While there is no cure for the condition, treatments generally improve symptoms.^[1] Treatments may include medication, physical therapy, exercise, heat therapy, orthotics, and assistive devices, and rest.^[1] Medications in the corticosteroids family are typically used with other agents like methotrexate or azathioprine recommended if steroids are not working well.^[1] Intravenous immunoglobulin may also improve outcomes.^[1] Most people improve with treatment and in some the condition resolves completely.^[1]

About 1 per 100,000 people per year are newly affected.^[2] The condition usually occurs in those in their 40s and 50s with women being affected more often than men.^[2] People of any age, however, may be affected.^[2] The condition was first described in the 1800s.^[3]

Signs and symptoms

The main symptoms include several kinds of skin rash along with muscle weakness in both upper arms or thighs.^[4]

Skin

One form the rashes take is called "heliotrope" (a purplish color) or lilac, but may also be red. It can occur around the eyes along with swelling, but also occurs on the upper chest or back what is called the "shawl" (around the neck) or "V-sign" above the breasts and may also occur on the face, upper arms, thighs, or hands.^[5] Another form the rash takes is called Gottron's sign which are red or violet, sometimes scaly, slightly raised papules that erupt on any of the finger joints (the metacarpophalangeal joints or the interphalangeal joints).^[5]^[33] Gottron's papules may also be found over other bony prominences including the elbows, knees, or feet.
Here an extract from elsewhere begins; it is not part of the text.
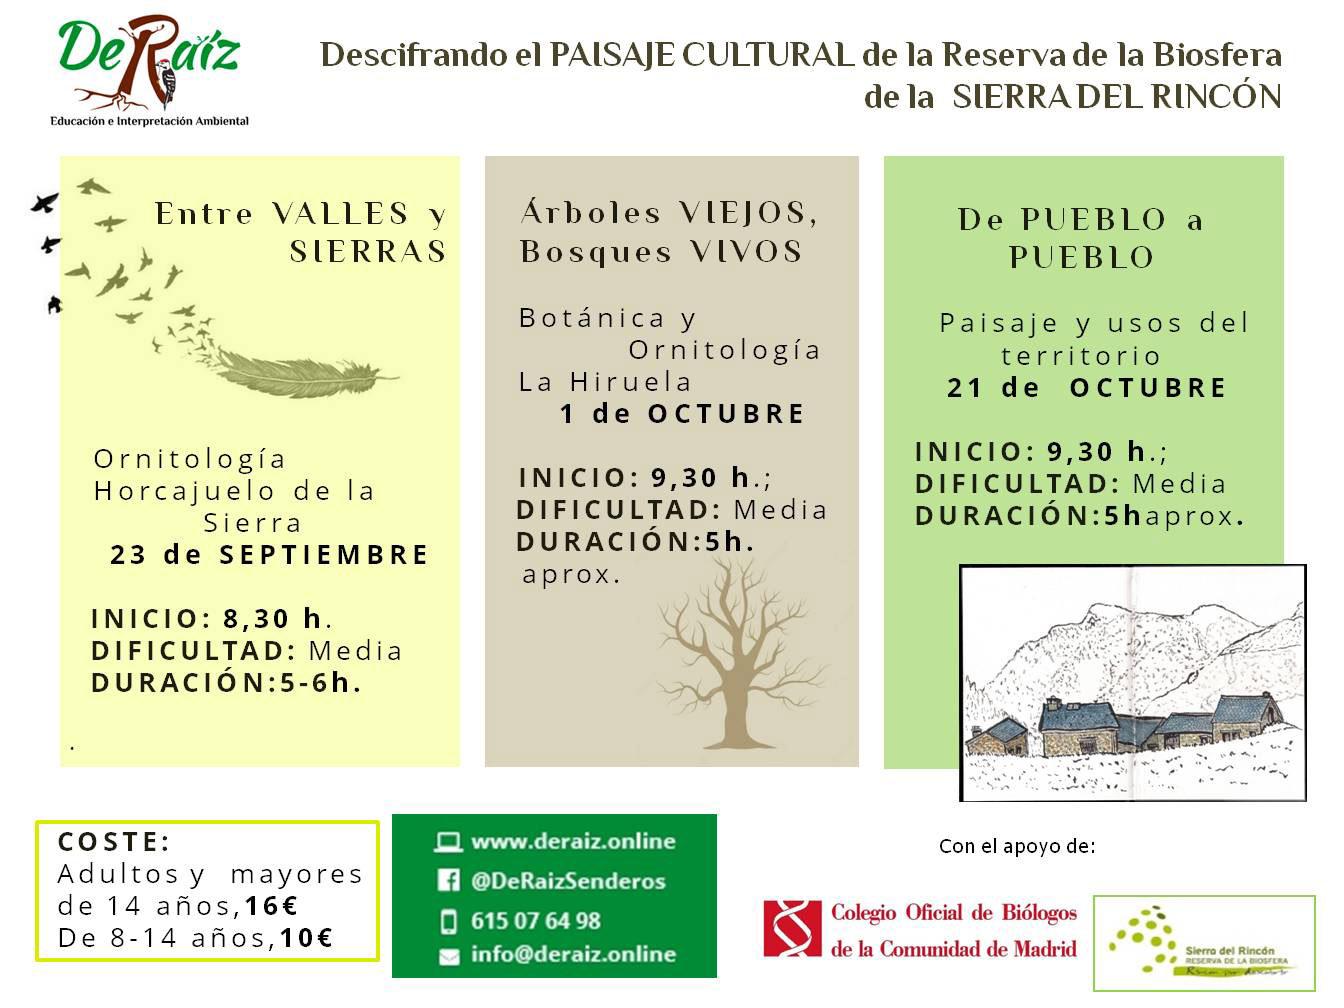 DeRaiz 2017oct-Sierra del Rincon

All these rashes are made worse by exposure to sunlight, and are often very itchy, painful, and may bleed.^[33]

If a person exhibits only skin findings characteristic of DM, without weakness or abnormal muscle enzymes, then he or she may be experiencing amyopathic dermatomyositis (ADM), formerly known as "dermatomyositis sine myositis".^[35]

Muscles

People with DM experience progressively worsening muscle weakness in the proximal muscles (for example, the shoulders and thighs).^[6] Tasks that use these muscles: standing from sitting, lifting, and climbing stairs, can become increasingly difficult for people with dermatomyositis.^[6]

Other

Around 30% of people have swollen, painful joints, but this is generally mild.^[38]

In some people the condition affects the lungs, and they may have a cough or difficulty breathing. If the condition affects the heart, there may be arrhythmias. If it affects the blood vessels in the stomach or intestines, which is more common in juvenile DM, the person might vomit blood, have black tarry bowel movements, or may develop a hole somewhere in their GI tract.^[38]

Causes

The cause is unknown, but it may result from an initial viral infection or cancer, either of which could raise an autoimmune response.^[38]
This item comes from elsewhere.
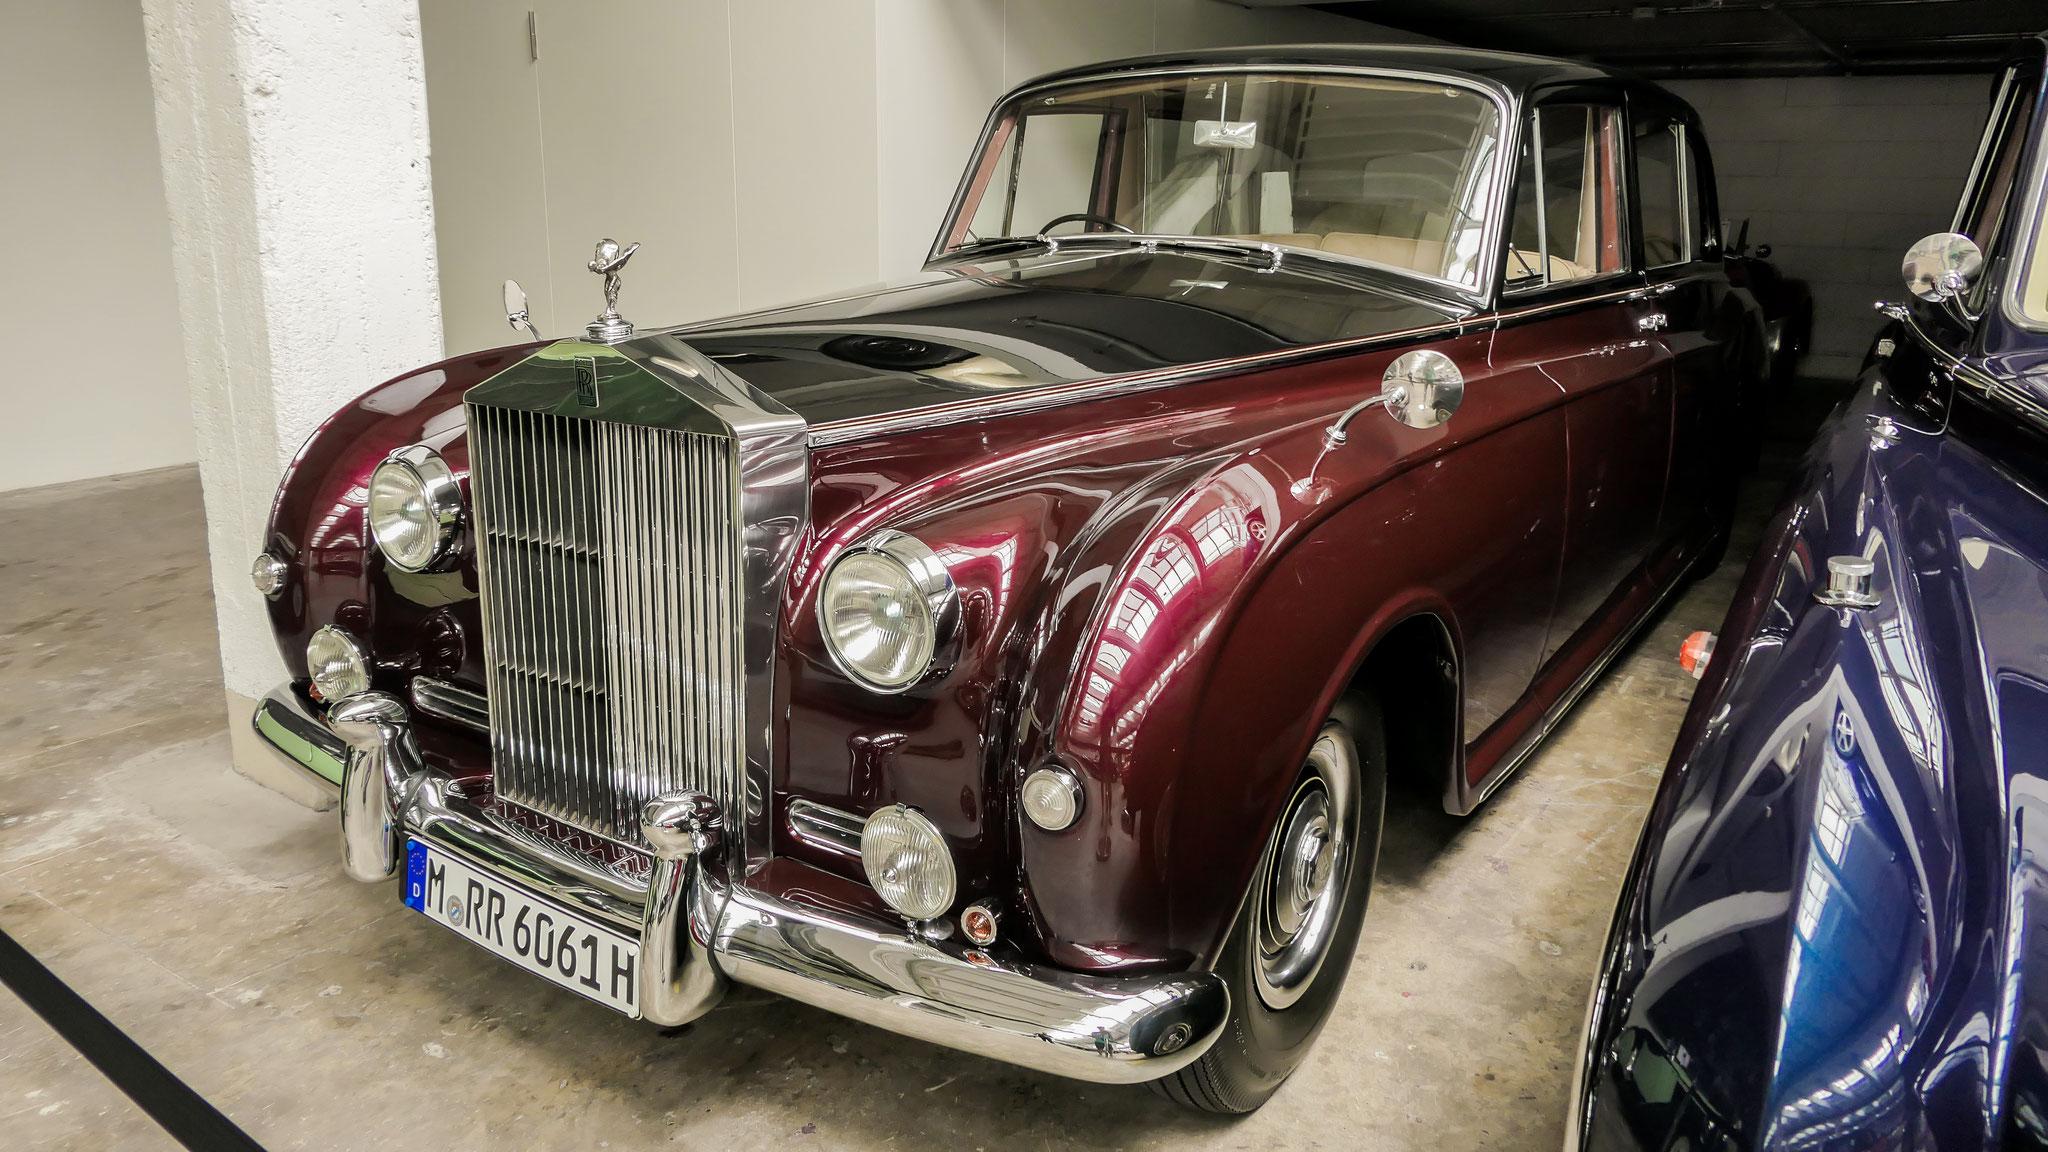 Rolls Royce Silver Cloud I -M-RR-6061H

Between 7 and 30% of dermatomyositis arise from cancer, probably as an autoimmune response.^[41] The most common associated cancers are ovarian cancer, breast cancer, and lung cancer.^[7] 18 to 25% of people with amyopathic DM also have cancer.^[33] Malignancy in association with dermatomyositis is more prevalent after age 60.

Some cases are inherited, and HLA subtypes HLA-DR3, HLA-DR52, and HLA-DR6 seem to create a disposition to autoimmune dermatomyositis.^[38]

Diagnosis

The diagnosis of dermatomyositis is based on five criteria which are also used to differentially diagnose with respect to polymyositis:^[35]

The fifth criterion is what differentiates dermatomyositis from polymyositis; the diagnosis is considered definite for dermatomyositis if three of items 1 through 4 are present in addition to 5, probable with any two in addition to 5, and possible if just one is present in addition to 5.^[35]

Dermatomyositis is associated with autoantibodies, especially antinuclear antibodies (ANA).^[38] Around 80% of people with DM test positive for ANA and around 30% of people have myositis-specific autoantibodies which include antibodies to aminoacyl-tRNA synthetases (anti-synthetase antibodies), including antibodies against histidine—tRNA ligase (also called Jo-1); antibodies to signal recognition particle (SRP); and anti-Mi-2 antibodies.^[38]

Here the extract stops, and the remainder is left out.